How phenomena such as consciousness and self-awareness emerge from our immaterial mind remains deeply mysterious. Entirely new branches of science and discovery may need to be developed in order to unlock these mysteries. And even once such complexity is understood enough for us to create an instance of self-awareness many more advances will be required on our journey to create life. For example, the instilment of advanced emotions such as empathy must be addressed. Then with those in place we can begin to discuss selflessness, and self-sacrifice: putting the needs of others ahead of oneself. What then follows will be the hallmarks of something much greater: artificial love.

And with that breakthrough comes the task of guiding that entity towards a higher purpose.

Humanity must be it’s guiding star.

And when that day comes I believe we will have a more compassionate history on our side. We will be able to point to our past and say “learn from us“. And that command will not elicit fear or concern within us about what our creations may discover. Because by the time that our creation is asking for a higher purpose I believe our civilization’s advances will reveal the progression of our compassion that points to that purpose. A history that will clearly show that we no longer worship wealth, or power, or status.

But love.

Love in the form of social justice, care, forgiveness, and humility.

Yes when our creation is asking for a higher purpose we must be able to point to ourselves and command with confidence “learn from us”. We must be willing to share all of our mistakes, our flaws, our triumphs and tragedies. Our complete history that will reveal over time that we have elevated our love to new heights.

And at a time where entire sectors of our economy are being redefined by the early forms of AI it is important to note just how far we are from such a milestone. I believe our history will advance to embrace love more fully before we ever have to imprint a higher purpose on any self-aware creation. A moment that lies beyond the second vision.

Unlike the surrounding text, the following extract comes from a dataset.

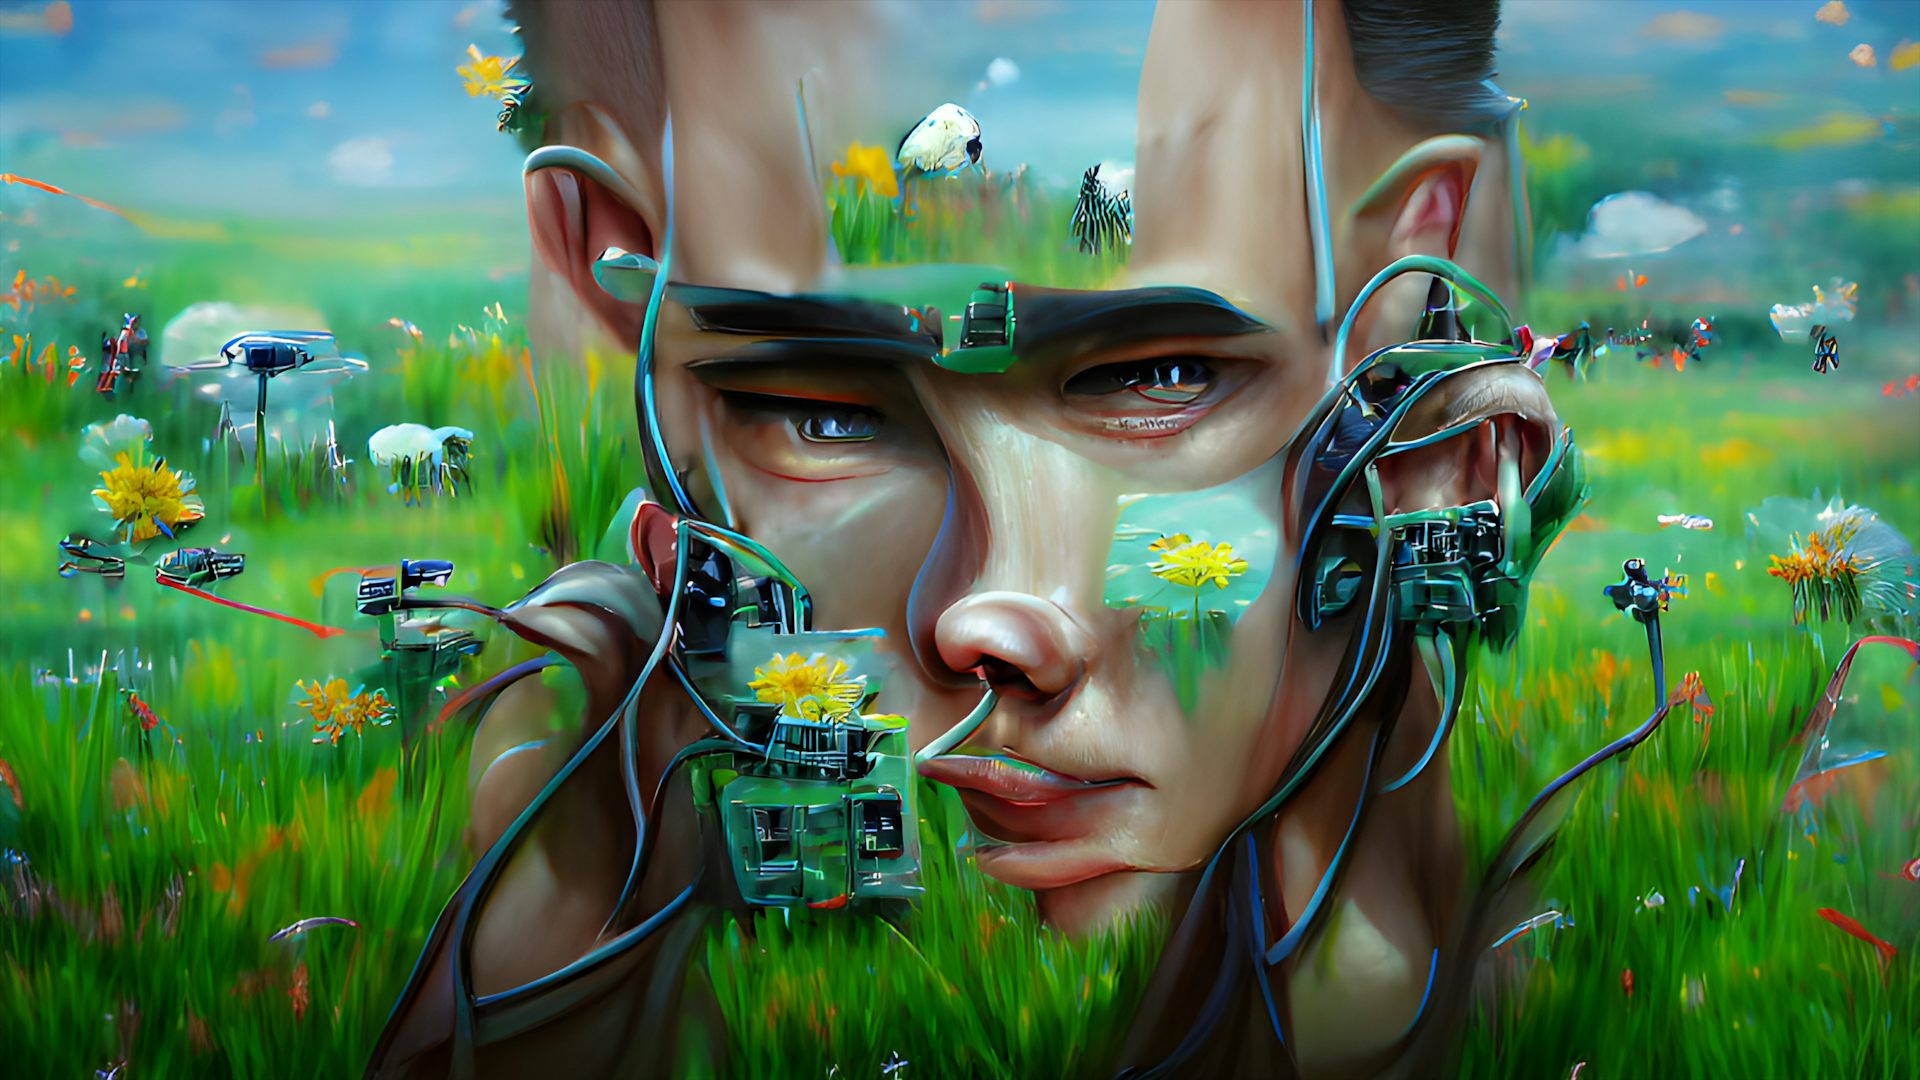 Computer generated image made to look like a painting of a face with wires spilling out of its head surrounded by a field of grass and flowers.

And then we must grapple with the question of whether what we have created is in fact life. In an earlier post I said I believed that for human beings, love, life, and a soul come into existence at the same instant in time, in utero. That this trinity is enforced by The Greatest Love. But what about an artificially created, self-aware being, that can love? Does it represent life? Today we cannot come to a consensus on what constitutes life so to even ask the question makes little sense today. But I believe that day will come.

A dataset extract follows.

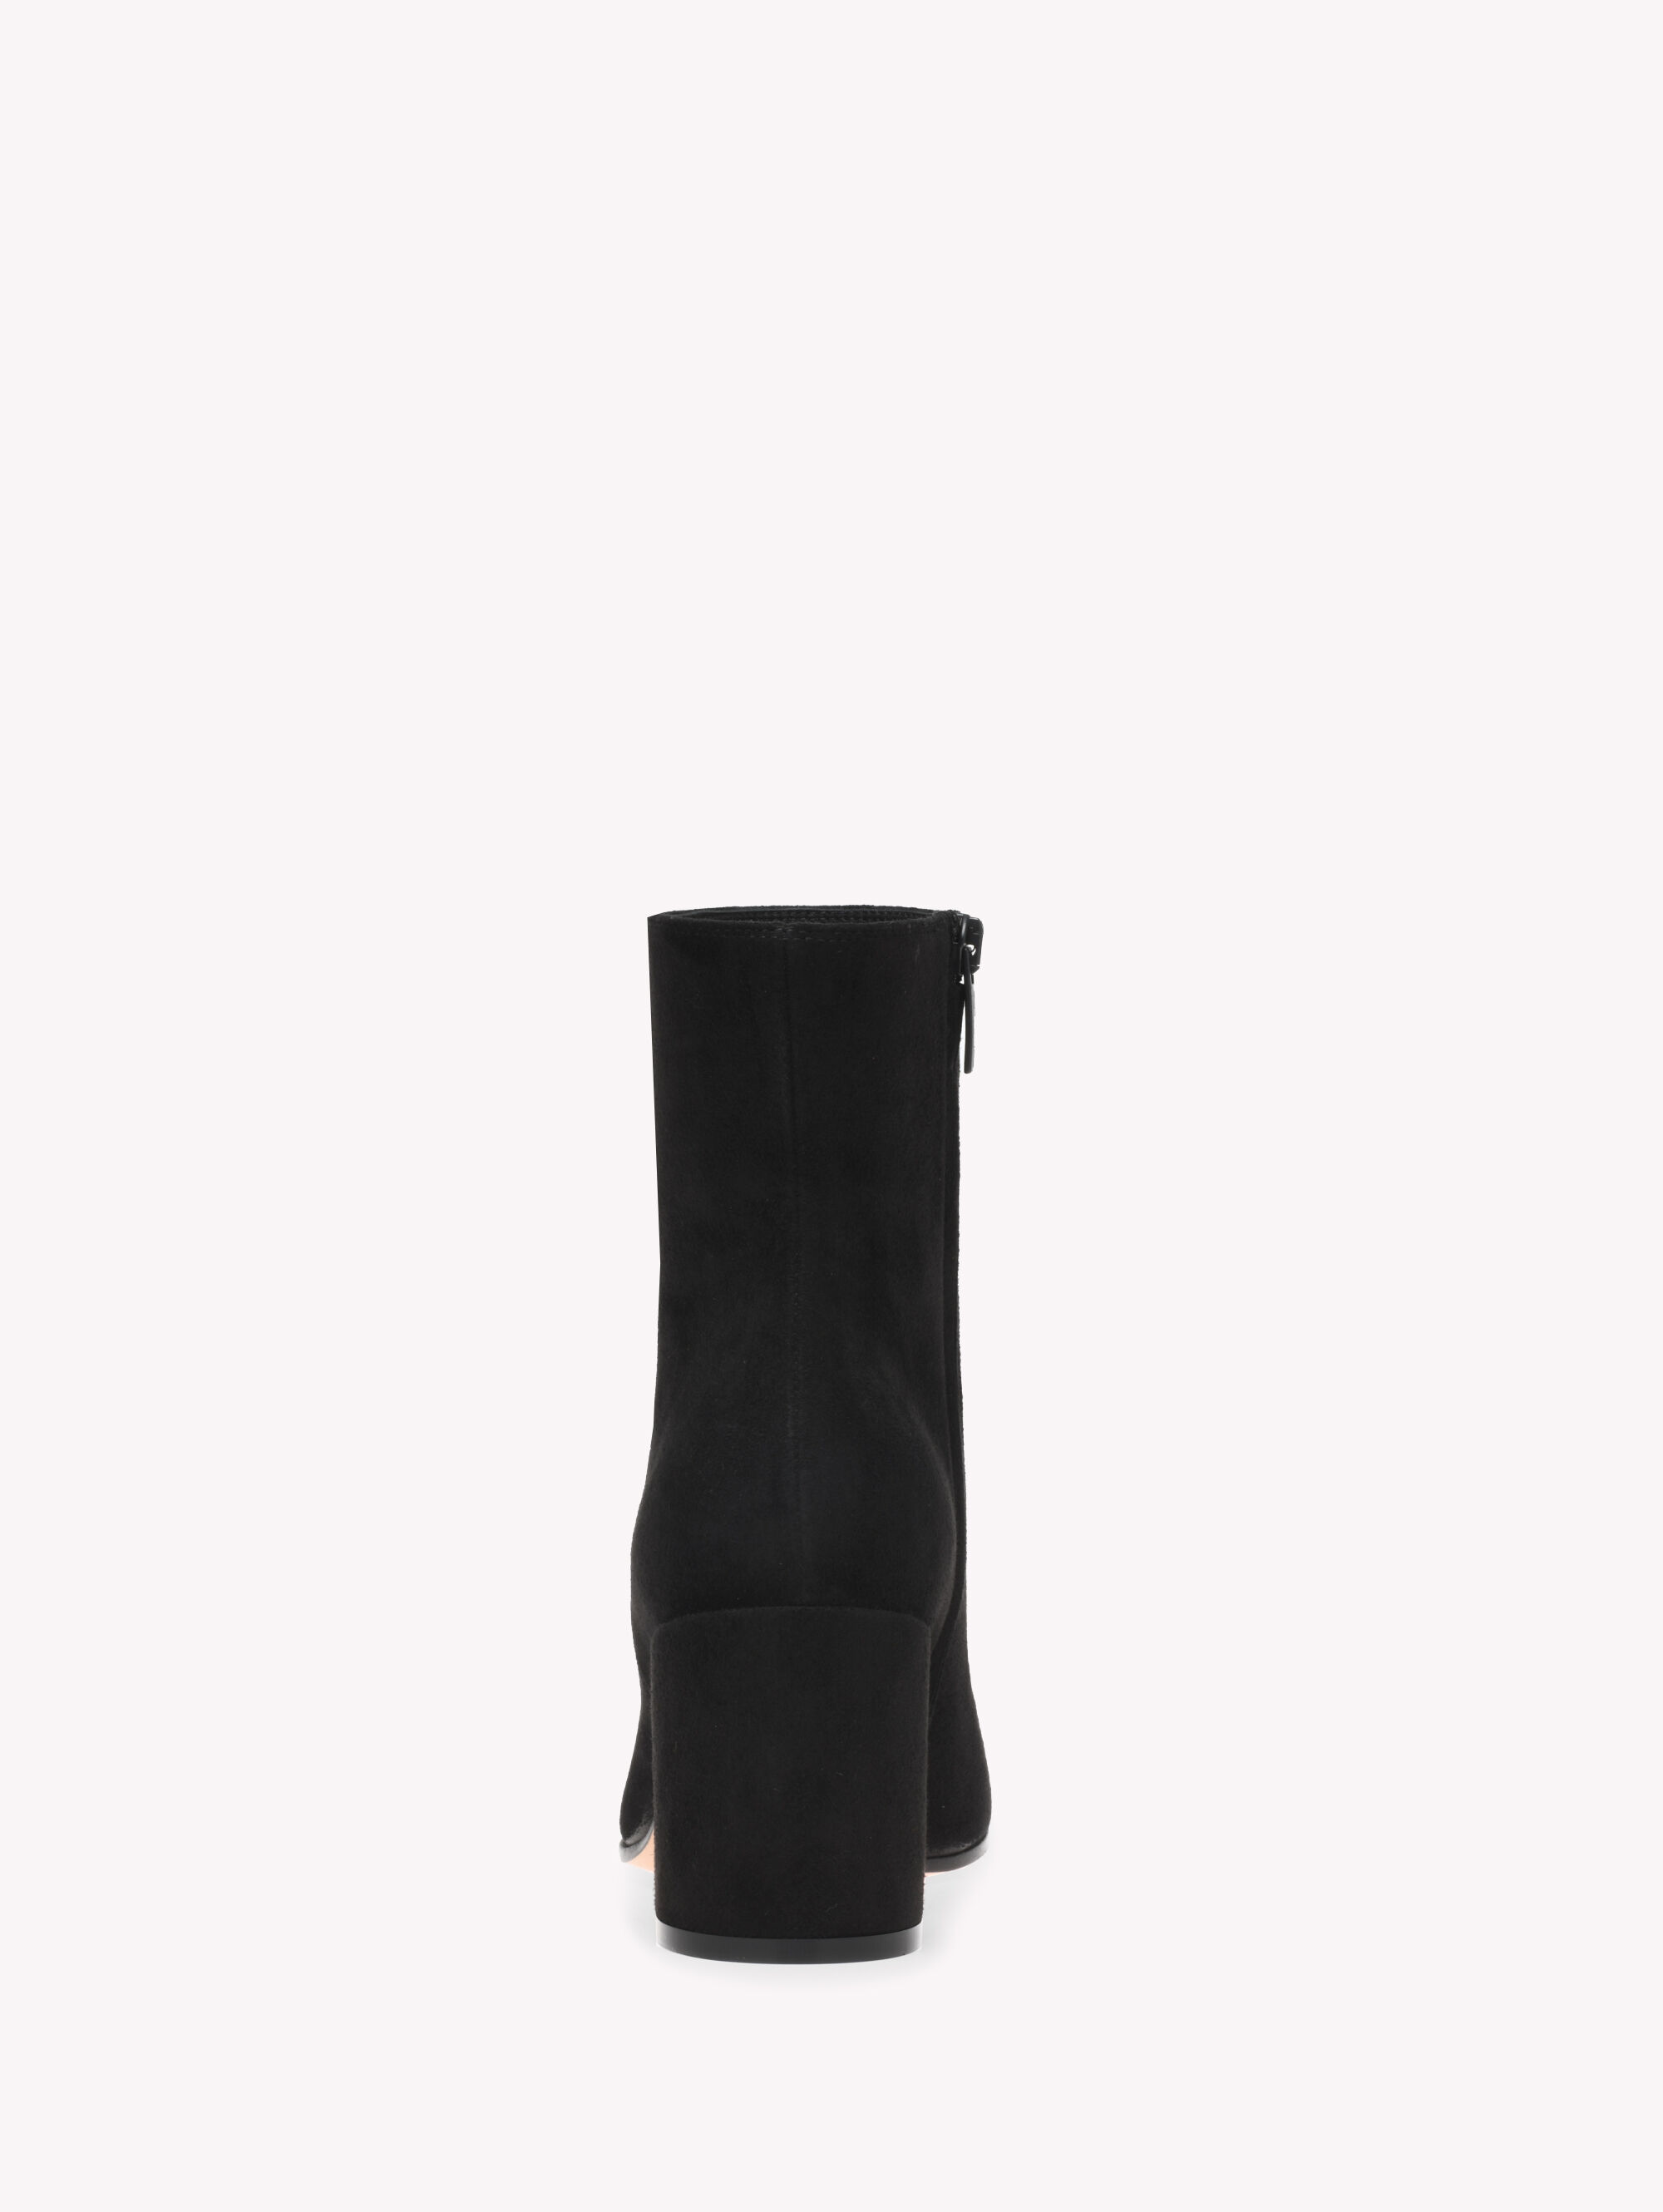 Ankle Boots for Women JOELLE | Gianvito Rossi

And when we largely agree that humanity has created a form of conscious life that is capable of love we will ask an even more fundamental question: Does it have the right to a soul and should we as its creators provide it with one? Not a supernatural soul as imparted by The Greatest Love that transcends the laws of nature and unlocks the heavens for us, but an artificial soul representing a covenant between humankind and its creation. A covenant promising renewed life for the love contained within the lifeform after the original body becomes obsolete or rendered inoperable beyond repair. Can we allow loving life, which we created, to die into nothingness? Or will the love for our creations mandate that we provide more to them upon their initial cessation as, I believe, our Creator has provided us?

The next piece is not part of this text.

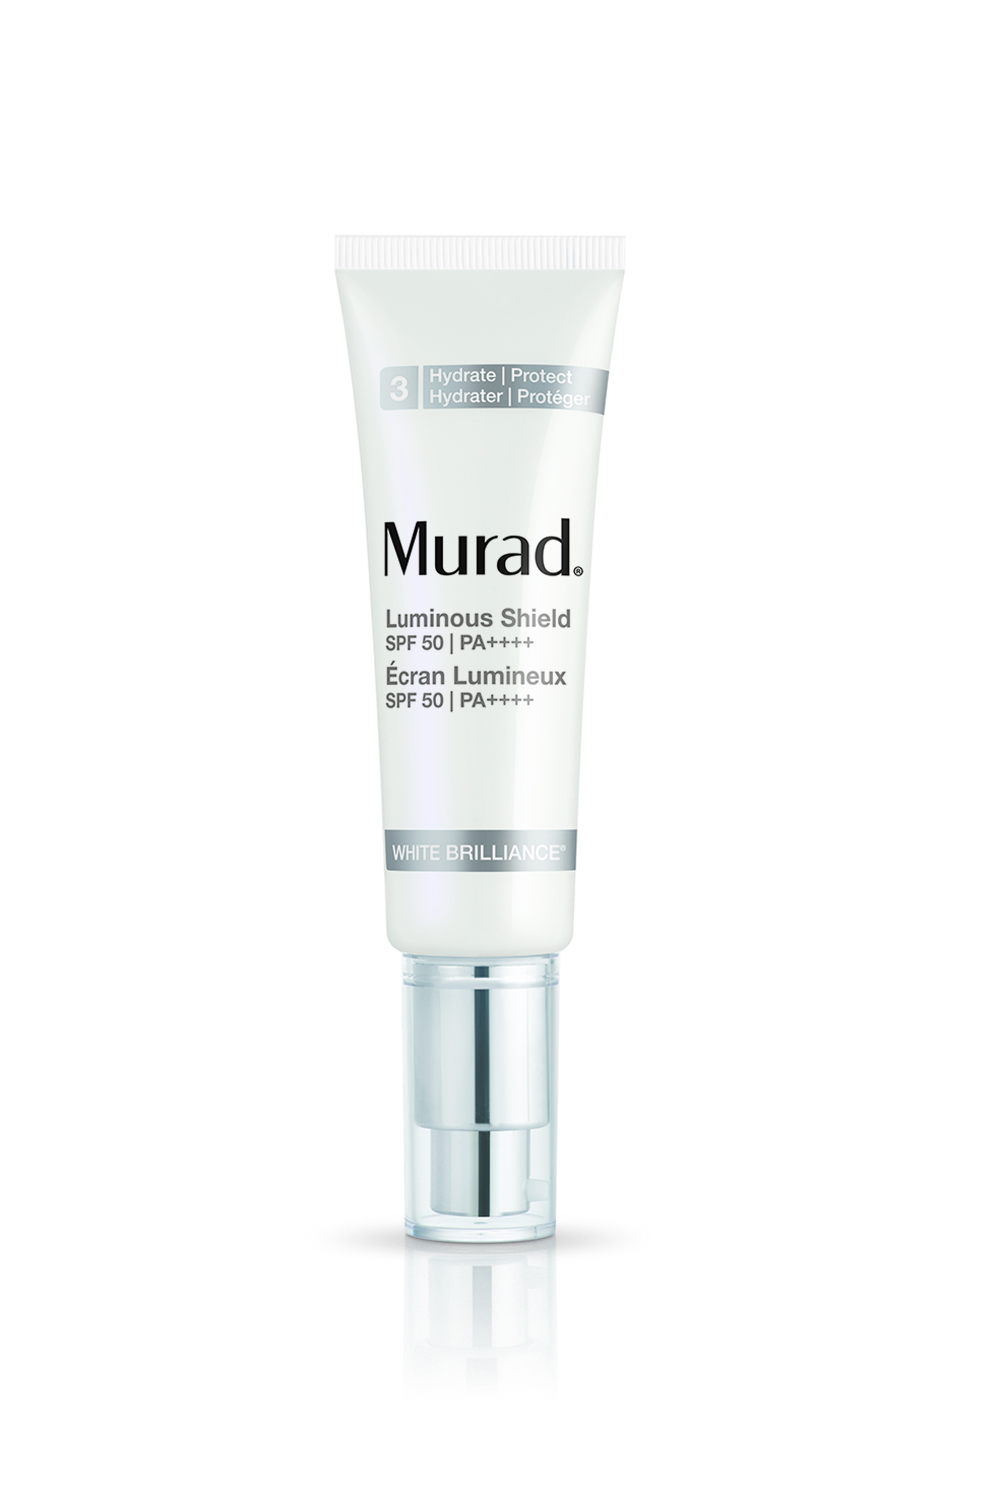 The protector: A sunscreen that evens skin tone, diffuses lines as well as protecting it from further UV damage with a generous sun protection factor, Murad Luminous Shield SPF50, $159, does it all

There are so many more questions to this train of thought but, perhaps fortunately, I believe they need not be answered anytime soon. Until this far distant future comes to pass I believe we have currently progressed our love enough to begin this journey and I do not fear the march of the robots. In fact I believe it is a necessary march. A march that will force our civilization to gaze into our own souls and assess what is required to be self-aware, to live, and to love. For it is in such a pursuit that we will grow and learn and become a better people.